Updated: May 16, 2020
Creating colourful and delicious meals brings me so much joy!
This recipe has bang on flavours with it's fresh ginger, garlic and Indian spices. It stores well in fridge or freezer if you want to batch cook for a few meals.
TIP! I find it easiest to prep and chop all the ingredients first, so they are ready to toss into the pot as I work through the instructions. Give this a try.
4 teaspoons coconut oil
1 medium onion, finely chopped
1 tsp fine sea salt, to taste, plus a pinch
3 large cloves garlic, minced
4 tsp grated fresh ginger
1 tbsp cumin
1 tsp ground turmeric
1 tsp ground coriander
1/4 tsp red pepper flakes
1 large sweet potato cut into 1/4" pieces (I left peel on)
1 large carrot cut into 1/4" pieces (I left peel on)
1 (14oz) can chickpeas, drained and rinsed
1 (14oz) can diced tomatoes with juices
1 (14oz) can coconut milk
1 bunch swiss chard
Freshly ground black pepper
1c Brown wild rice mix
In a large saucepan, heat the oil over medium heat. Add the onion, season with a pinch of salt, and cook for 3 - 5 minutes, or until the onion is translucent.
Add the garlic, ginger, turmeric, cumin, coriander, and red pepper flakes. Stir to combine and sauté until the garlic softens.
Add the sweet potato, carrot, chickpeas, tomatoes with juices, and coconut milk. Stir to combine, cover, and simmer over medium heat for 20 - 30 minutes, until the potatoes are fork-tender.

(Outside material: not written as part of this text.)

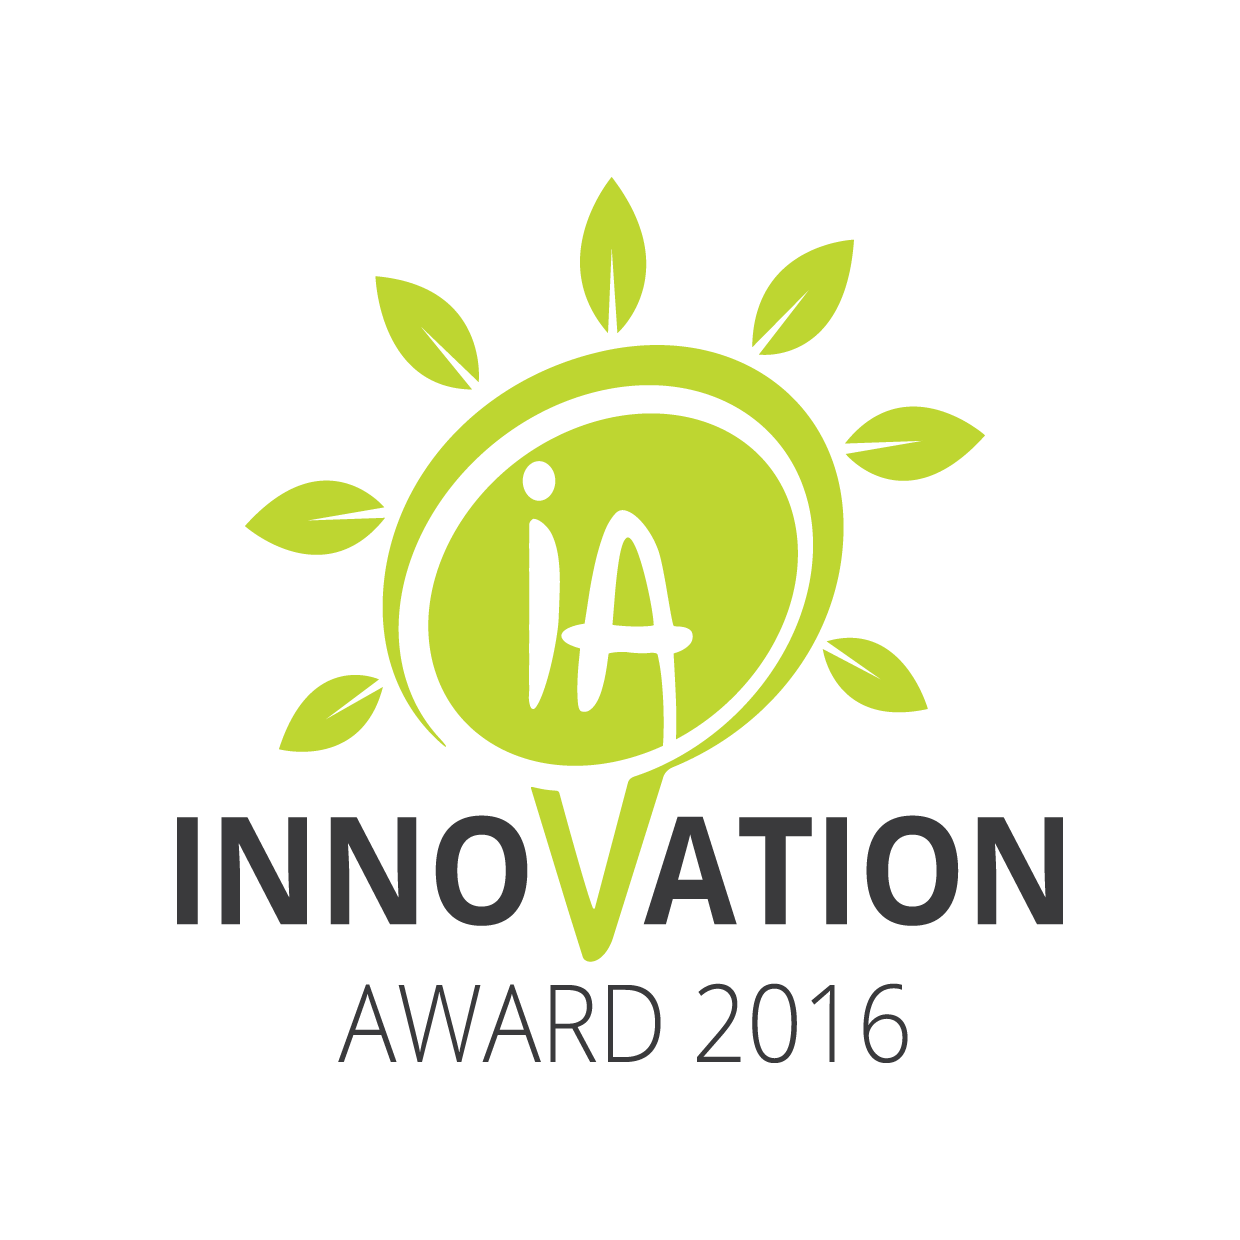 Innovation Award 2016

If you are making a grain, now's a good time to start preparing it. I used a brown wild rice that takes about 30-40 minutes to cook.
When the curry is just about done, I mashed half of the mixture (using a wooden spoon or potato masher) to thicken it.
Stir in the swiss chard and cook until wilted. Season with the salt and black pepper to taste.
Taste and season with additional salt + pepper.
Serve on top of brown rice - or grain of your choice!
And voila - you've got a delicious meal that that also stores well in the fridge or freezer for a later date!